◆ HOW TO COMPLETE THIS TASK
Write down the listing again exactly as it appears below, without its pictures.

◆ MATERIAL PROVIDED
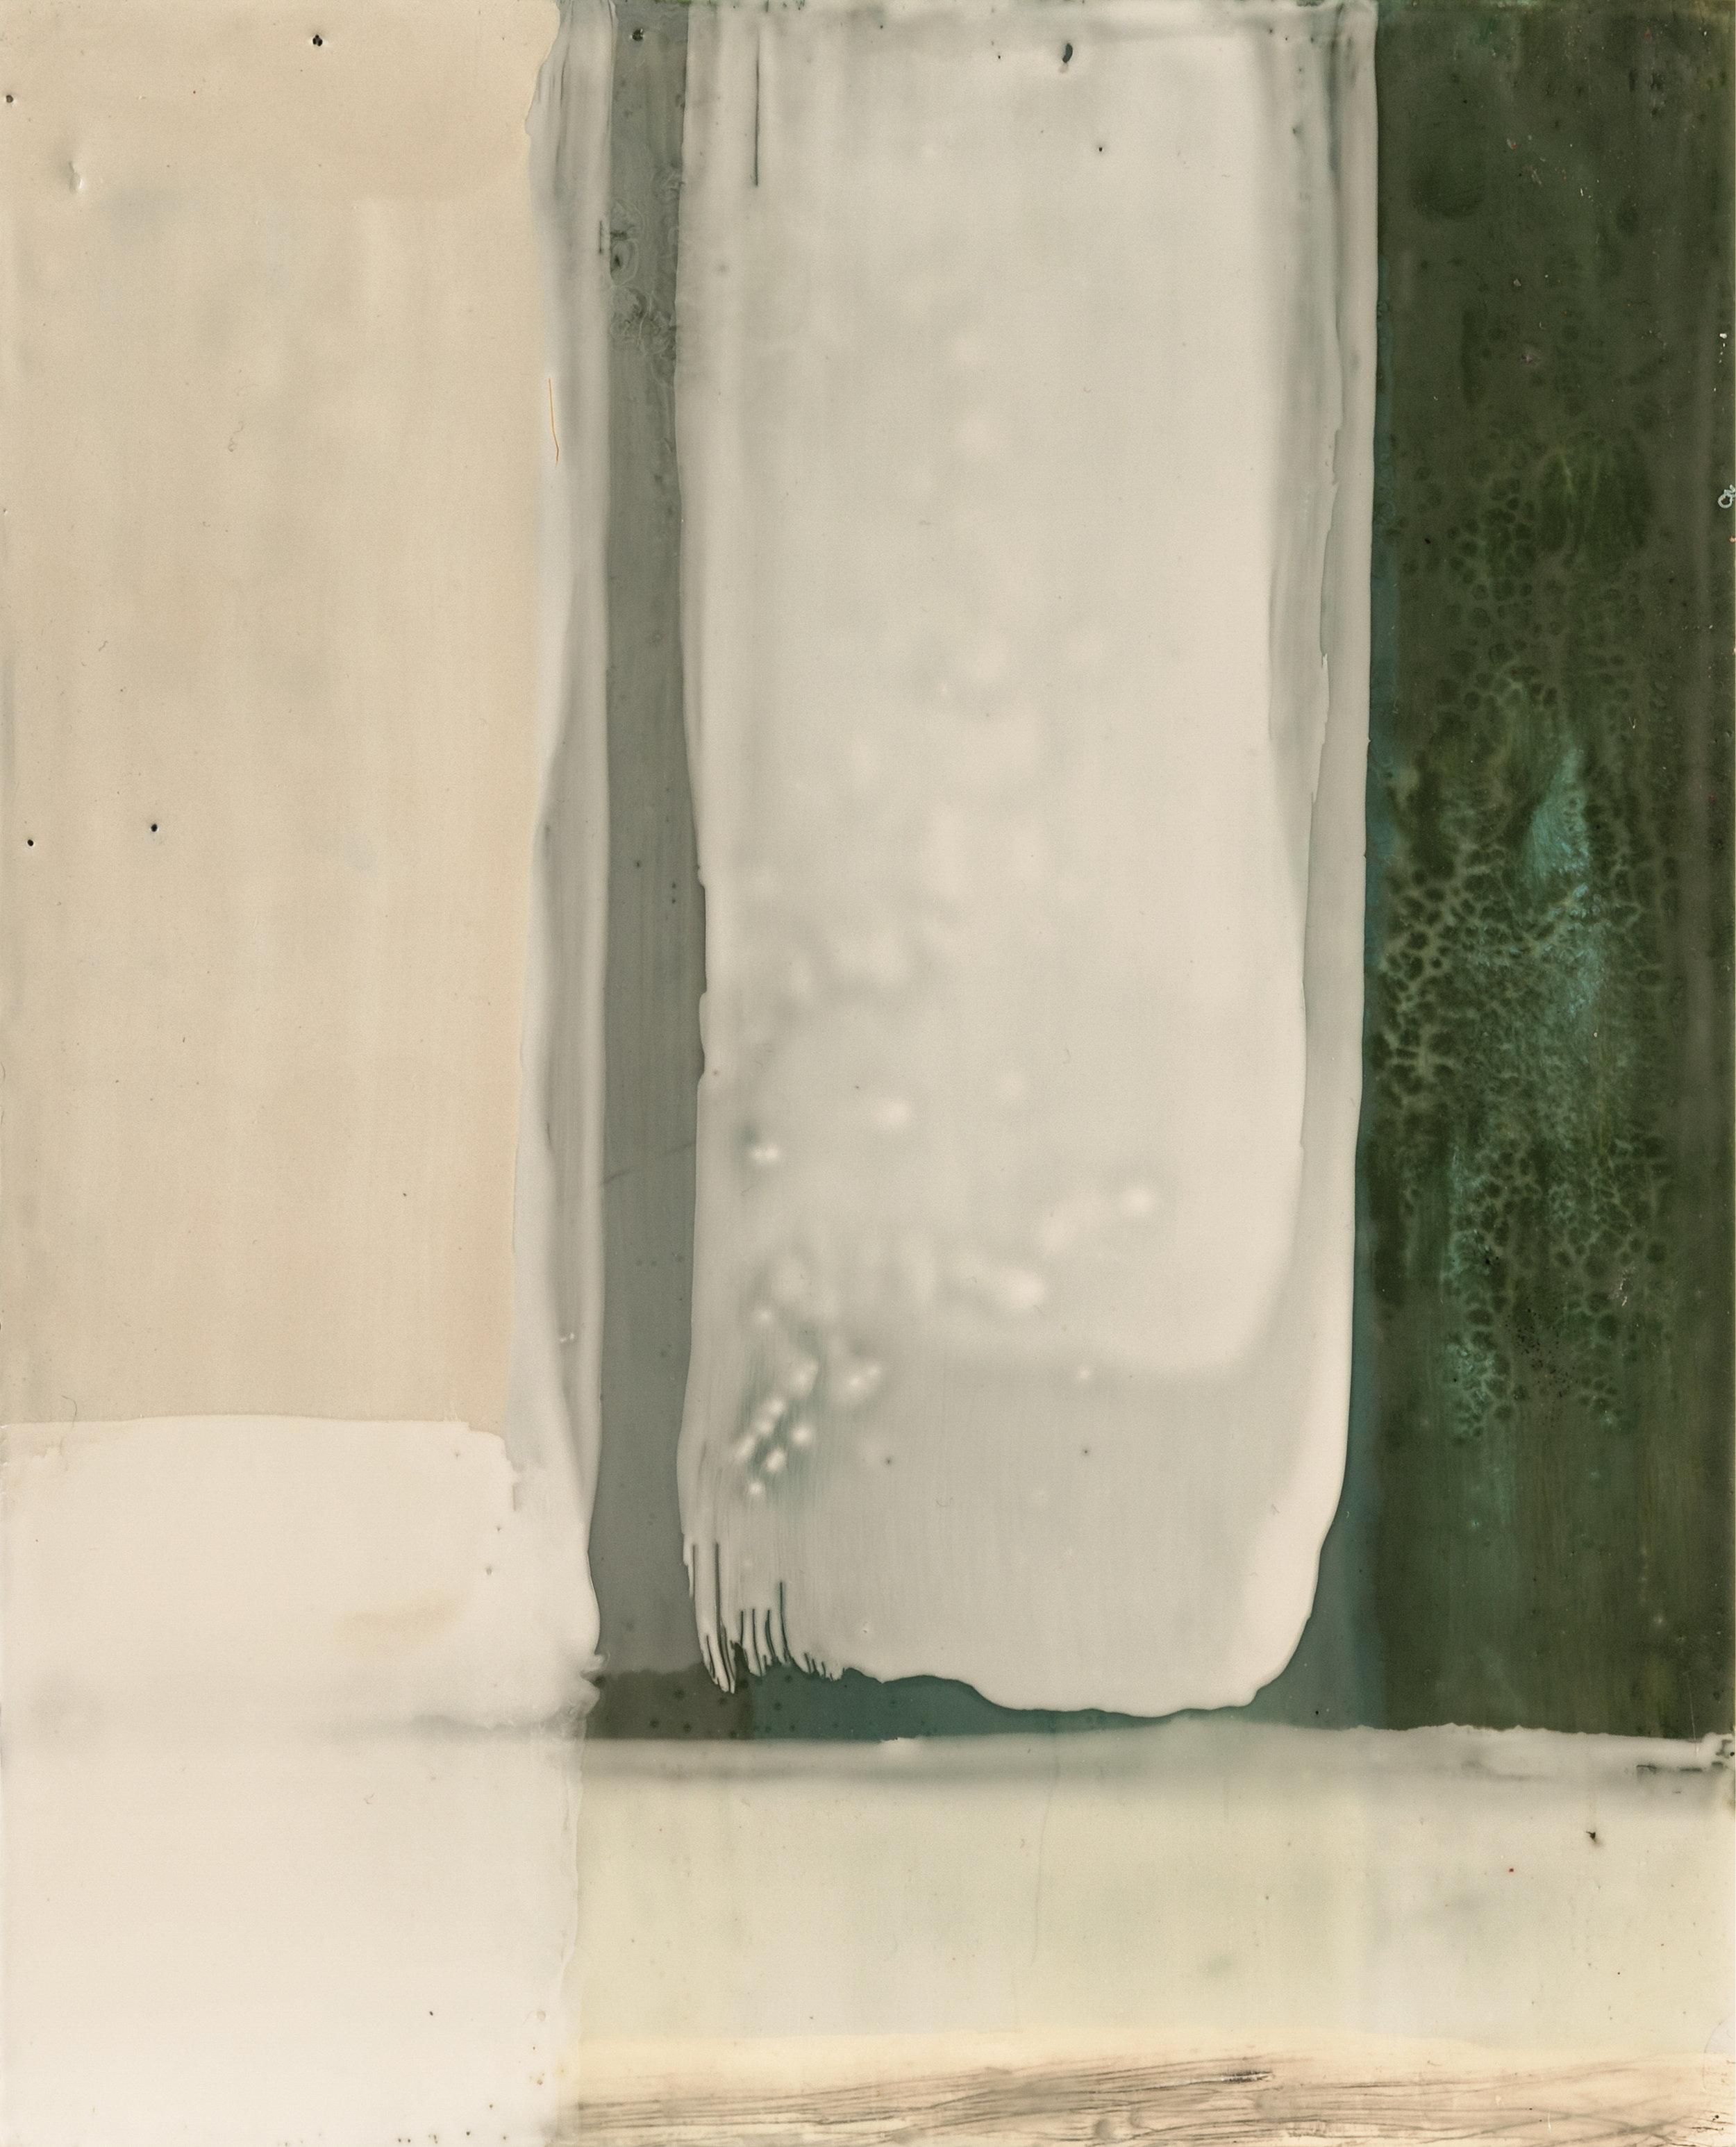 Untitled 1, Encaustic on Birch Panel, 8x10, 2016
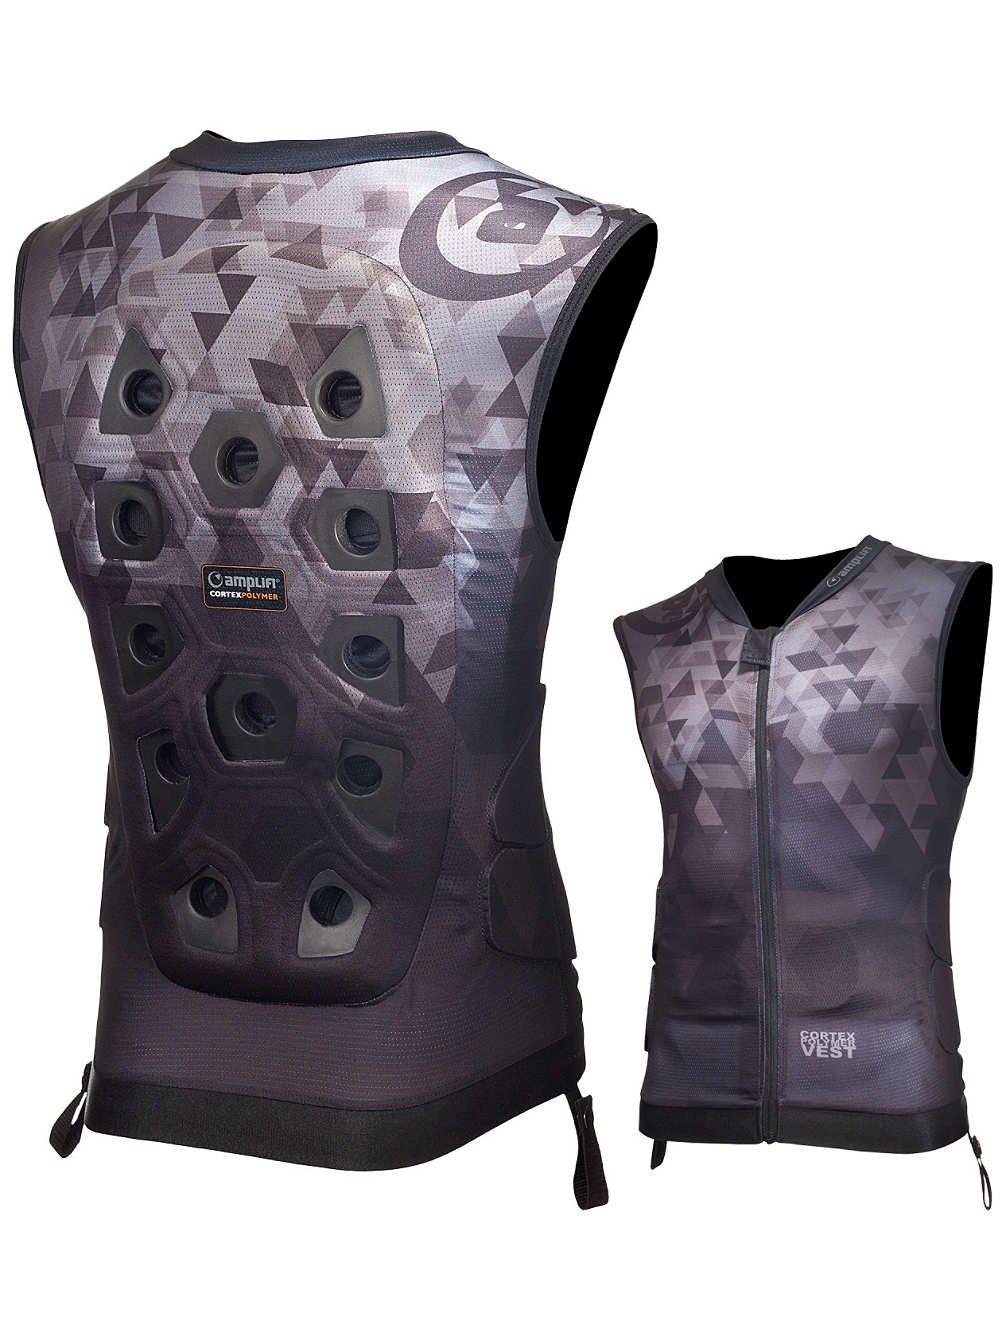 Amplifi Cortex Polymer Jacket Protector schwarz 2019 2019 2019 Protektor B06XS4QPYQ Schutzkleidung Große Auswahl 67a4cf
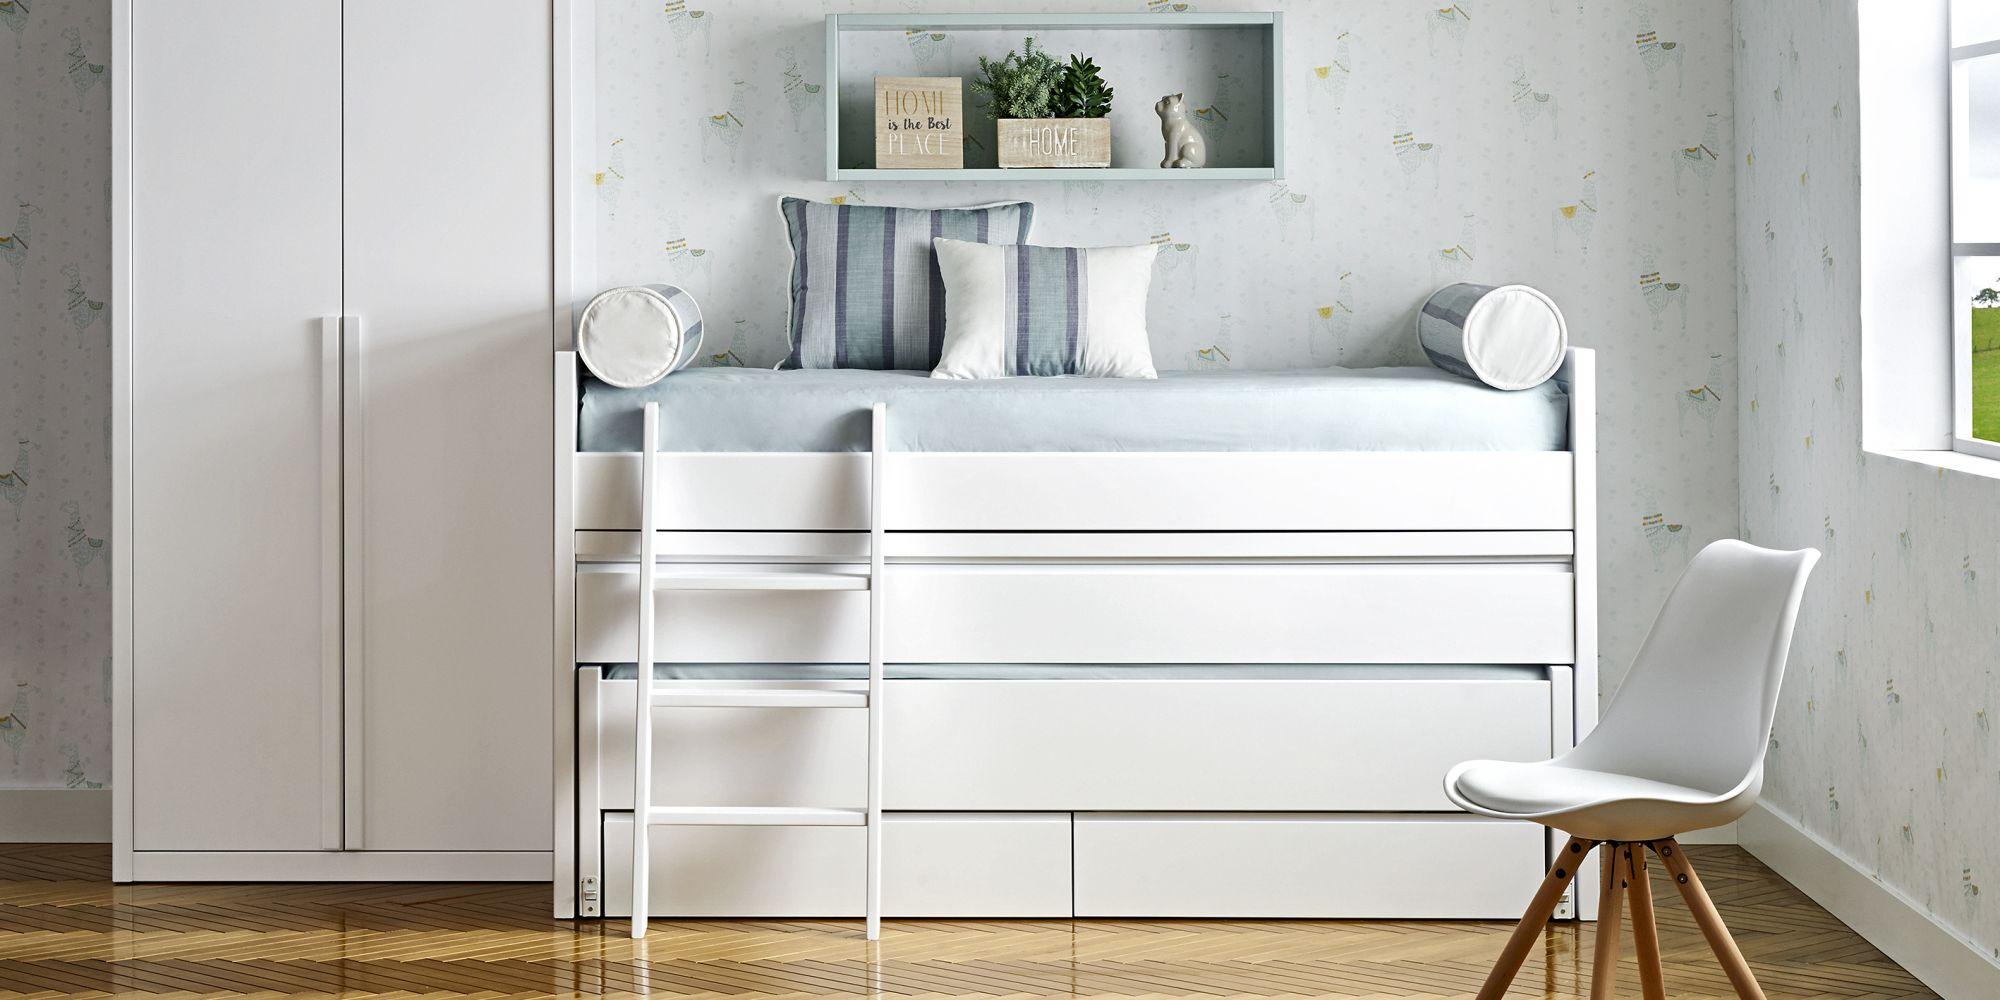 Cama compacta con escritorio incorporado

◆ EXERCISE SOLUTION
 Untitled 1, Encaustic on Birch Panel, 8x10, 2016
 Amplifi Cortex Polymer Jacket Protector schwarz 2019 2019 2019 Protektor B06XS4QPYQ Schutzkleidung Große Auswahl 67a4cf
 Cama compacta con escritorio incorporado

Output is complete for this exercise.